Lies and Consequences

Filed under: Uncategorized — Tags: , — Tina Russell @ 9:31 pm

Stolen Suffering – New York Times

This guy is right. The problem with lies is that they dilute the truth, and the truth–even in this age of “truthiness”–is a very important thing.

Moreover, to read a book is to express trust in the author, and the author had better not betray it. I read somewhere about authors defending David Sedaris’s many outlandish exaggerations, saying that, as a humorist, he shouldn’t be held to the same standards as, say, a journalist. That makes me sad because–though I find his writing a bit tiring–a lot of people read his books and find hope, inspiration, and a reminder to look for the amusing or insightful in the little things in life. People who read his books establish a trust, and when that trust is betrayed, it makes me sad. (And remember, you can always use disclaimers if you’re merely fudging things… the nice thing about disclaimers is that they remove pretense and force you to stand on the quality of your writing.
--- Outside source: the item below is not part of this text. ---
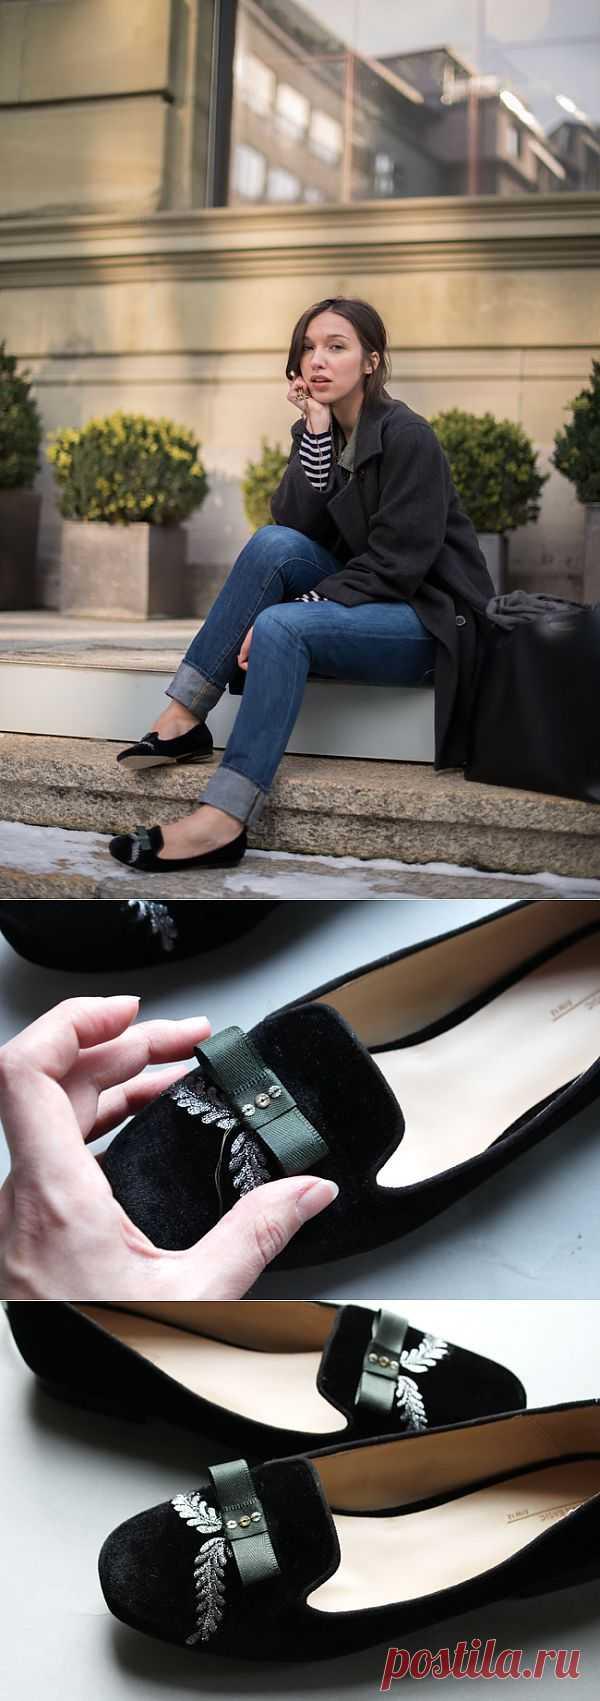 Туфли в стиле барокко (DIY) / Обувь / Модный сайт о стильной переделке одежды и интерьера
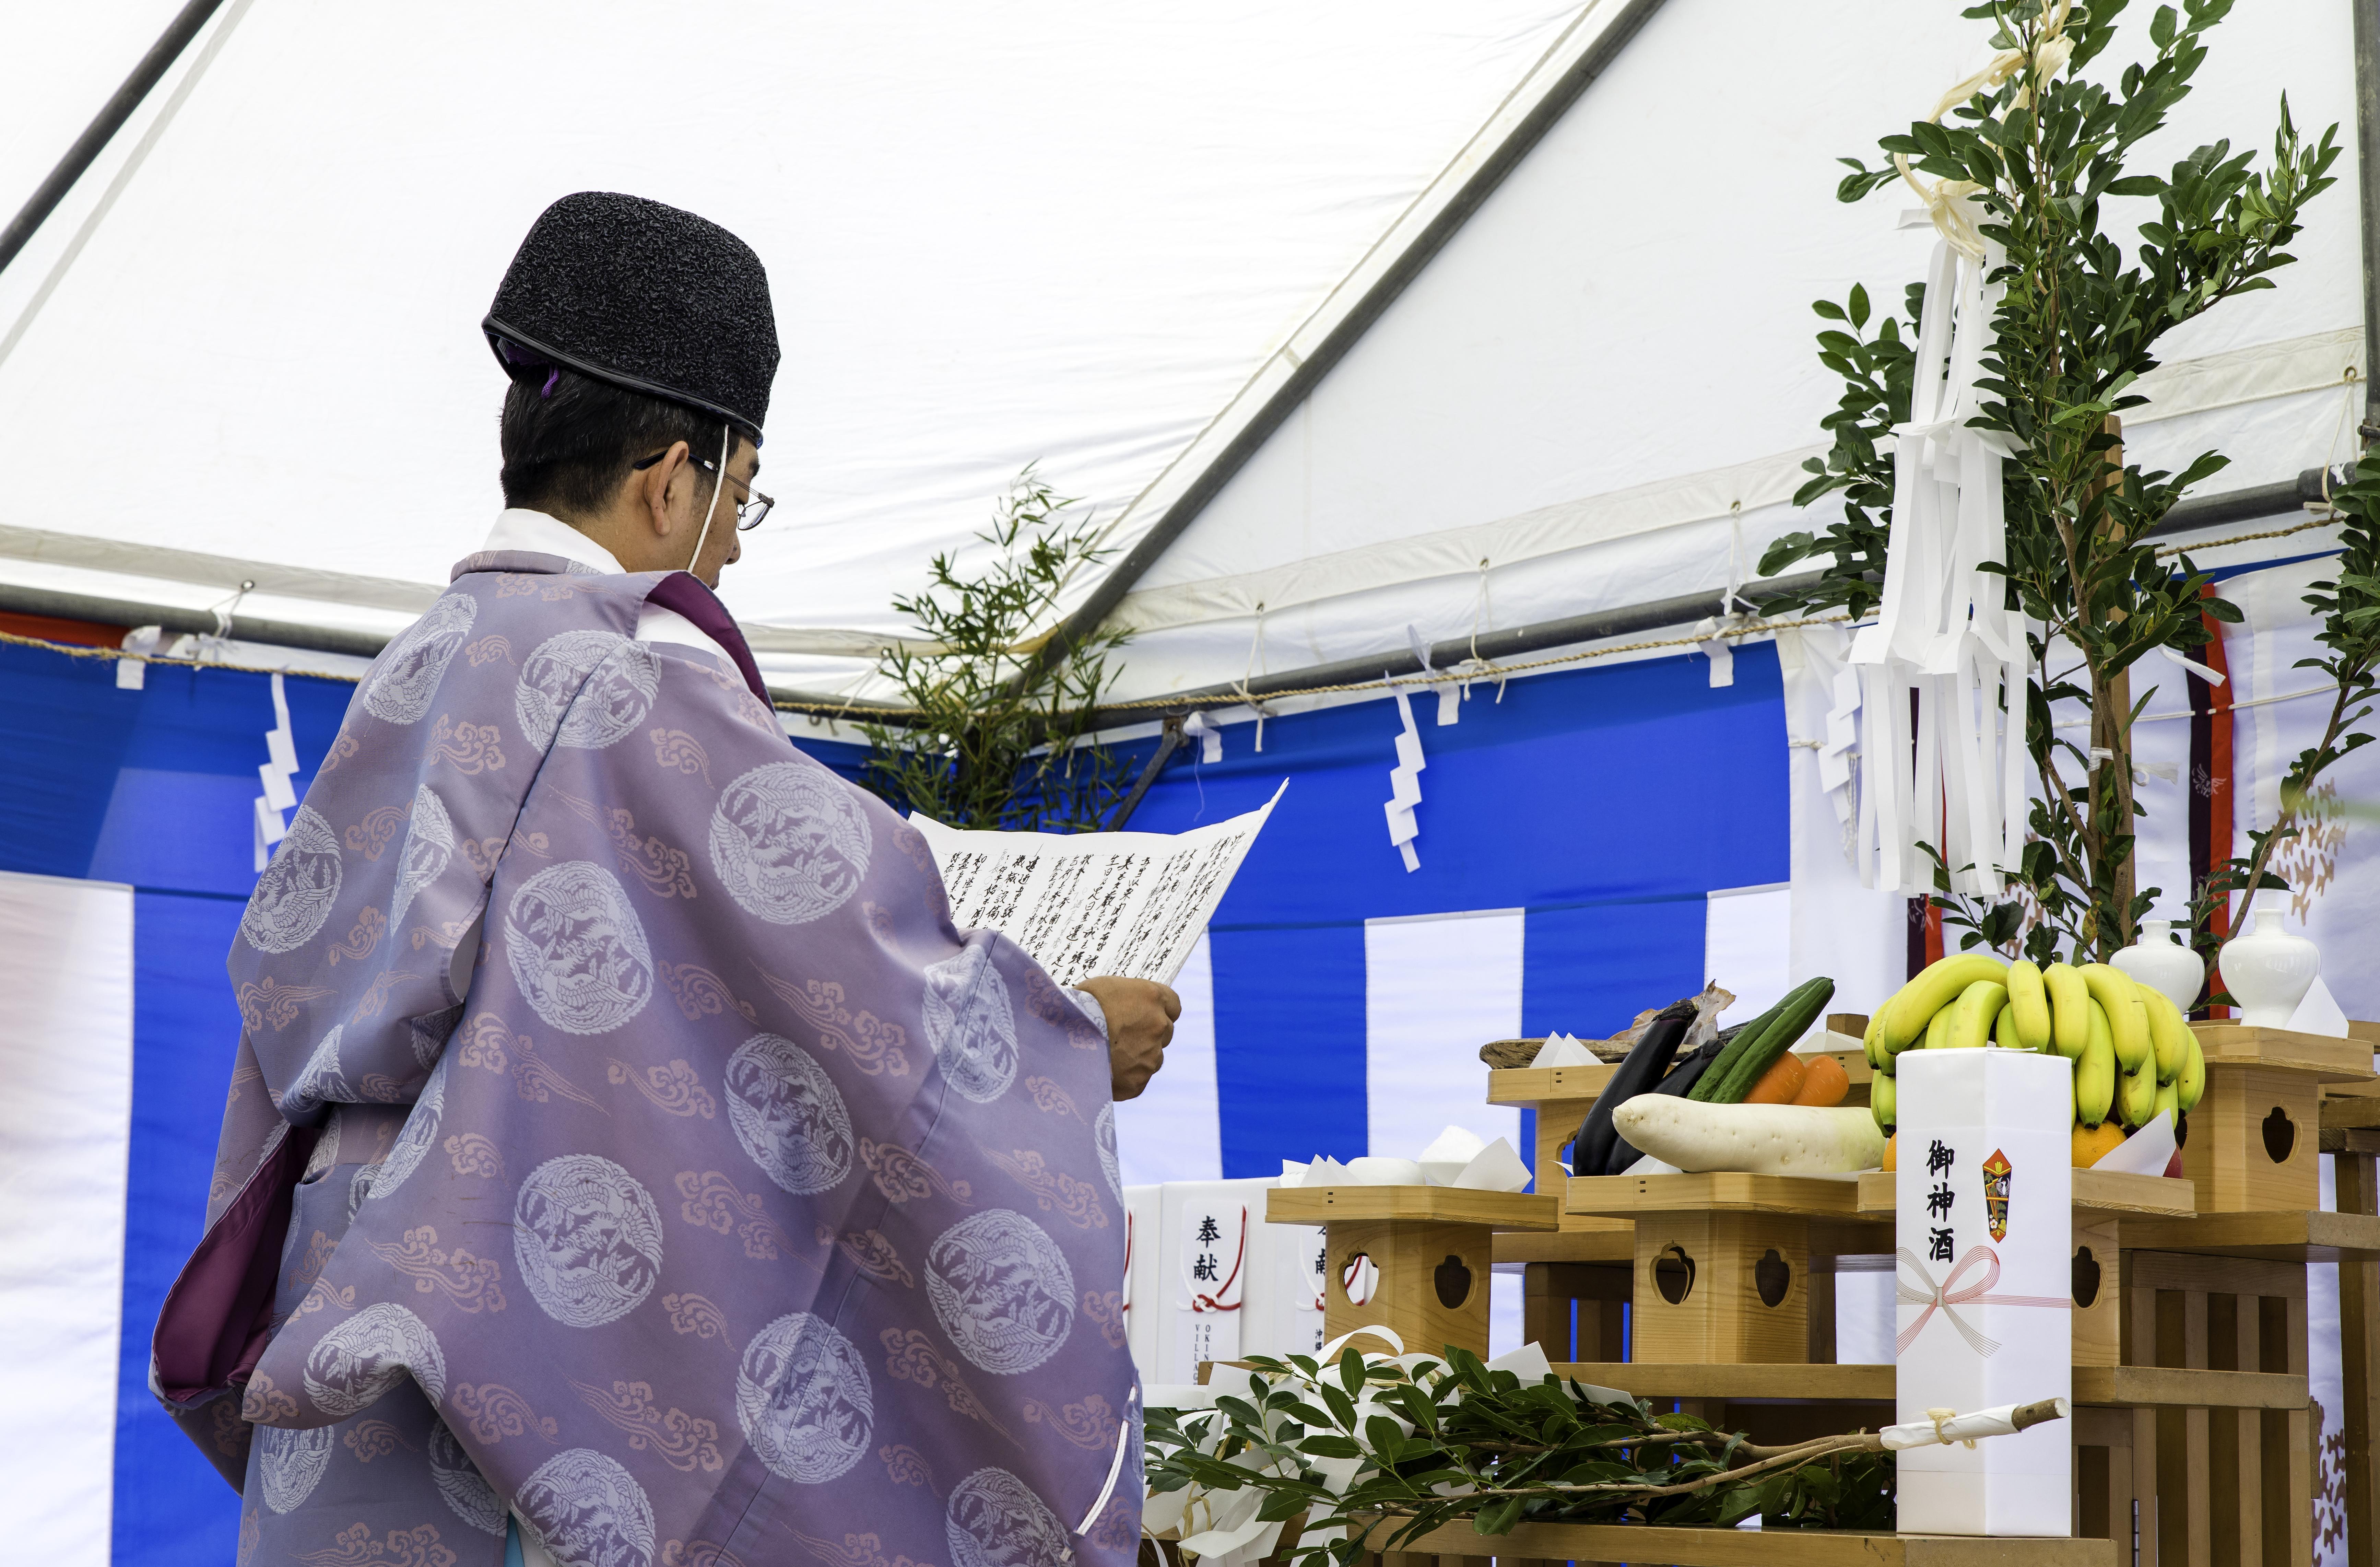 Shunko Shiki Ceremony

Part of what people find enthralling about David Sedaris is that he writes, supposedly, true stories about a fairly average life. When he makes his embellishments, he’s selling the readers on a false premise, and that’s deplorable.)

Of course, the op-ed linked above isn’t about humor novels, or exaggerations; it’s about gut-wrenching, soul-searching memoirs that have recently turned out to be complete fabrications. I express often that I feel that we are slipping too deeply into moral relativism and forgetting the basic concepts of right and wrong, of good and evil, and–as is relevant here–truth and falsehood. The author is right that we need to bring back the truth, and start giving it the respect it deserves.